In this post, we discuss how tokenisation, security tokens and blockchain technology will change the nature of the capital markets. This article is a good read for business or technical people involved in finance, blockchain and the tokenisation space. In this short introduction we cover how capital markets are defined for the context of discussion. Then we dive into how tokenisation will change the structure and roles of the market, where we will find the benefits and how all this aligns with other macro trends.

    What are capital markets

    The term capital markets covers activities of raising money for long term investments using financial instruments and how these financial instruments get traded.

    Based on the trading counterparty, capital markets can be divided into primary markets (raising debt or equity capital) and secondary markets (trading those instruments forward to next investor). The difference: when you buy a share in a primary issuance you are typically giving money to the issuer. When you are buying that share in secondary markets, you are giving money to your trade counterparty.

    The financial instruments, or securities, which get moved around, can be equity or debt based. Equity is company’s shares, representing ownership in the company’s revenues and assets.  Debt is a loan agreement, which represents a right to receive interest payments as well as a return of principal invested.

    Structure and history of capital markets

    Besides trading counterparty, capital markets can be roughly divided based on the offer type. This is a division between public markets and alternative investments.

    In the public markets, also known as main markets, the issuer goes through more scrutiny and has stricter regular reporting duty. In contrast, alternative investments fund raising happens often in private, offers are less scrutinised, but the cost of fundraising is lower. The term alternative investment terms is broad, and not well defined, and may capture also non-securities investments like real estate.

    How securities are held?

    The current capital markets developed from paper-based securities to dematerialised securities. Paper certificates have become outdated and are no longer used. The ownership of public securities is only a book entry in a computer system for brokers.

    Private securities have a less systematic proof of ownership. For a sufficiently large deals a company appoints a registrar to maintain the records of security owners. Depending on the jurisdiction, the ownership of private securities can be a line in an Excel file or an official record in the Companies House database.

    To hold securities, you need to open an account with a broker. The broker then holds their own account on a bigger broker. At the top of this hierarchy, the top level balances are kept in the database of a  central securities depository (CDS). The most well-known CDS is the Depository Trust Company (DTC) in the United States which maintains top-level ownership records of $53 trillion USD in assets.

    CDS were originally created to handle settlements, as it was difficult to interconnect the old computer systems. Securities transfers were slow, often manual, settled by the end of day or even in the worse case by carrying around paper certificates in bags.

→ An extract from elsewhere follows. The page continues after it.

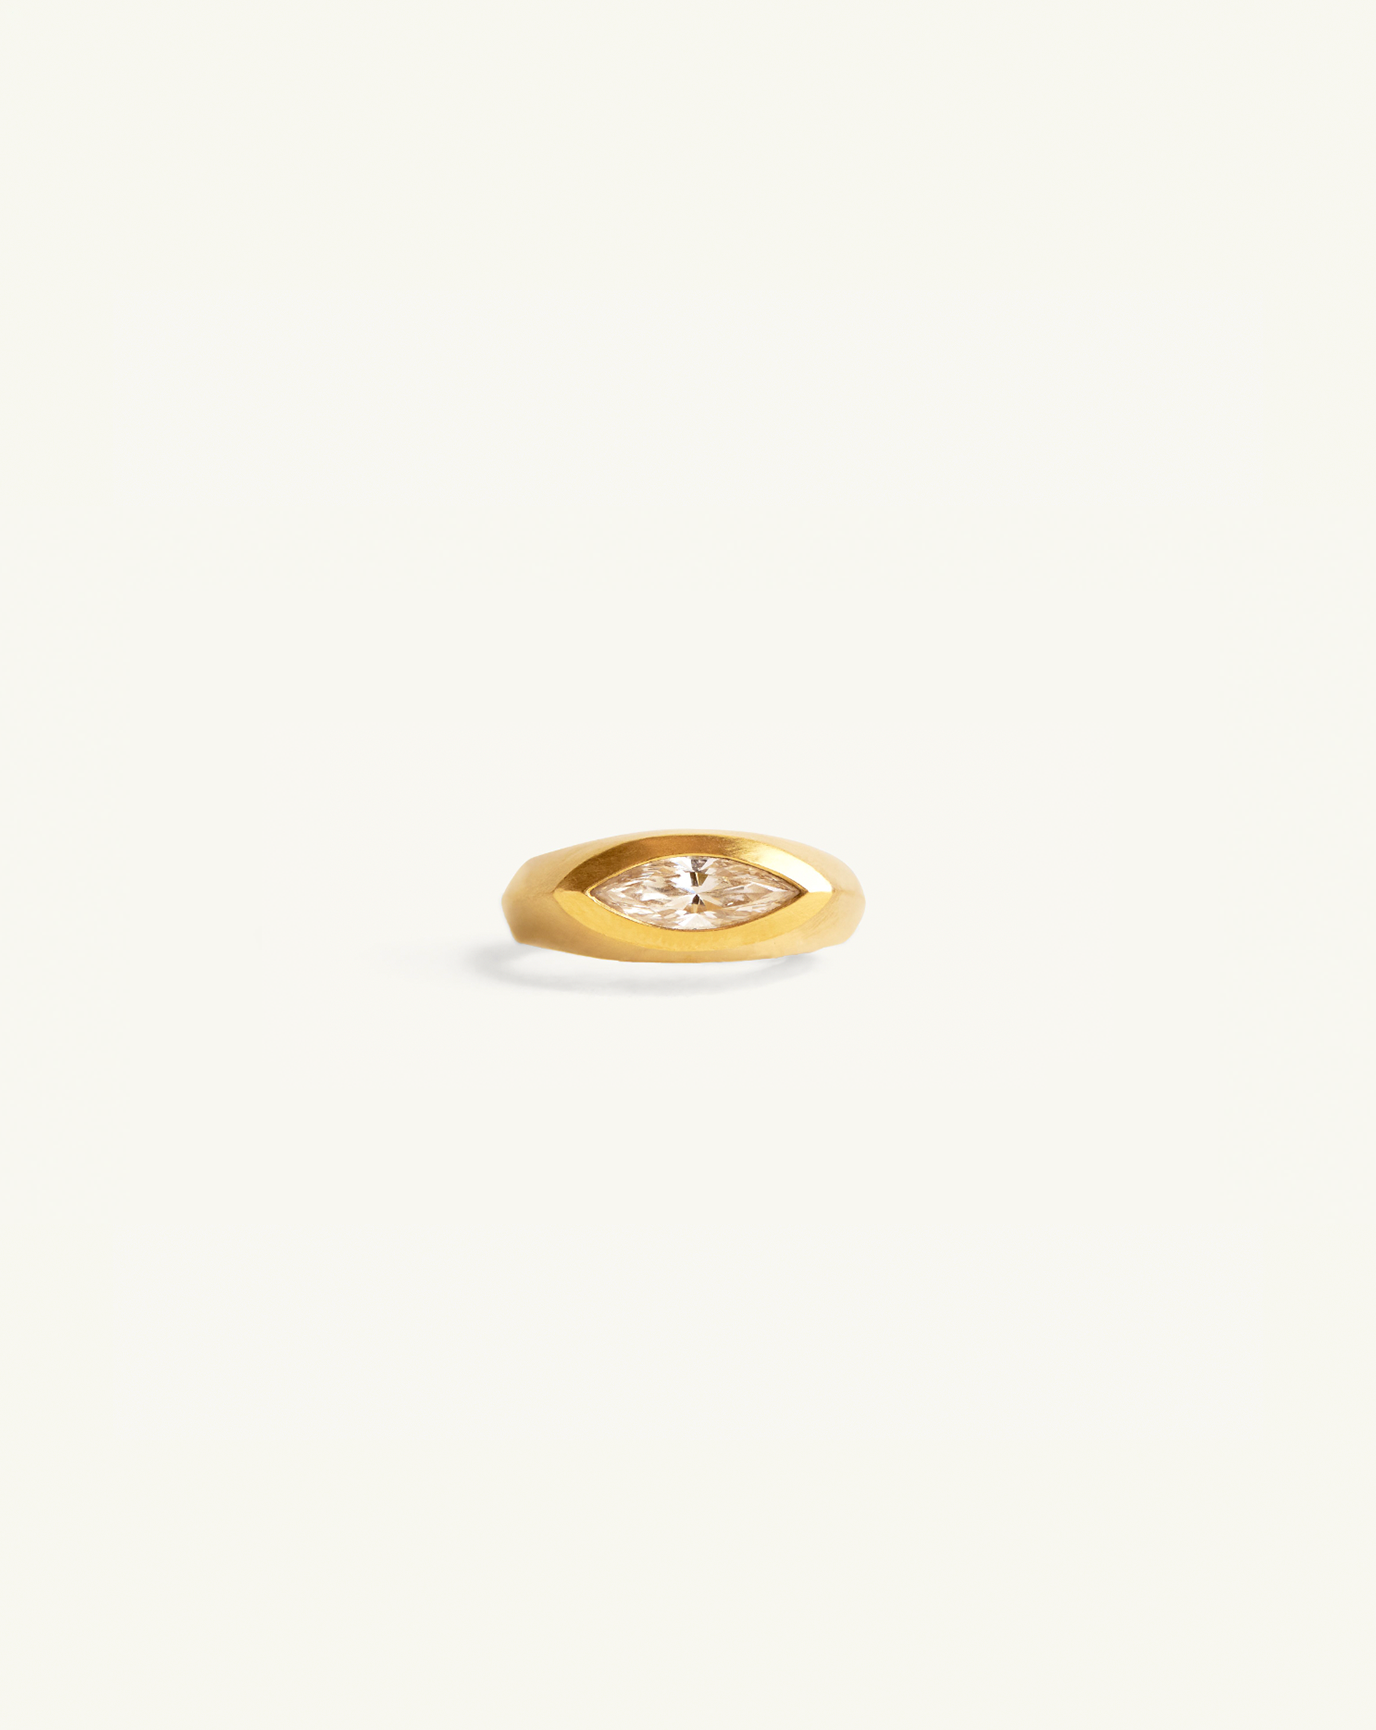 Product image of the i seira sculptural ring with diamond

    What are security tokens

    Security tokens, or more correctly tokenised securities, take the above idea of the dematerialisation of ownership records further and move the record keeping activities from a custodian/broker managed records to a distributed ledger. If you are new to securities and security tokens you might want to read in-depth introduction about these here.

    The most well-known form of distributed ledger technology is a blockchain (people use these terms interchangeably). A distributed ledger operates on tokens to transfer value between accounts.

    In tokenised securities, one token represents one share. The issuer defines that they are using tokens to present legally binding shares the Articles of Association or similar issuance document.

    Current capital markets

    A good overview of how services for capital markets currently operate comes from a European Central Bank paper titled Securities Custody Industry. Below we see typical producers and consumers of services in the public market ecosystem.


    Securities originate from issuers which are typically companies, financial institutions or public sector institutions who are looking to raise funds. Investors are then buying and trading these securities.

    Investors are typically divided into two classes. Retail investors, or everyday investors, are not experts in financial markets. They can be people saving in stock markets or normal businesses managing their treasury. Institutional investors, e.g. Blackrock, make investments for everyday, have the training and have the supporting staff to make well-researched high-value transactions.

    Intermediaries are supporting this ecosystem. Investment banks like Goldman Sachs help their clients and issuers to raise money by underwriting the offer. Brokers, like Fidelity, have an existing audience of retail and professional investors. They then market the investment opportunities and broker the trades for them, taking a fee in the process. Custodians like BNY Mellon account the assets on behalf of their clients and provide trade processing and reconciliation services.


    Activities can generally be divided into originating the securities and then investing into them, either in primary or secondary markets.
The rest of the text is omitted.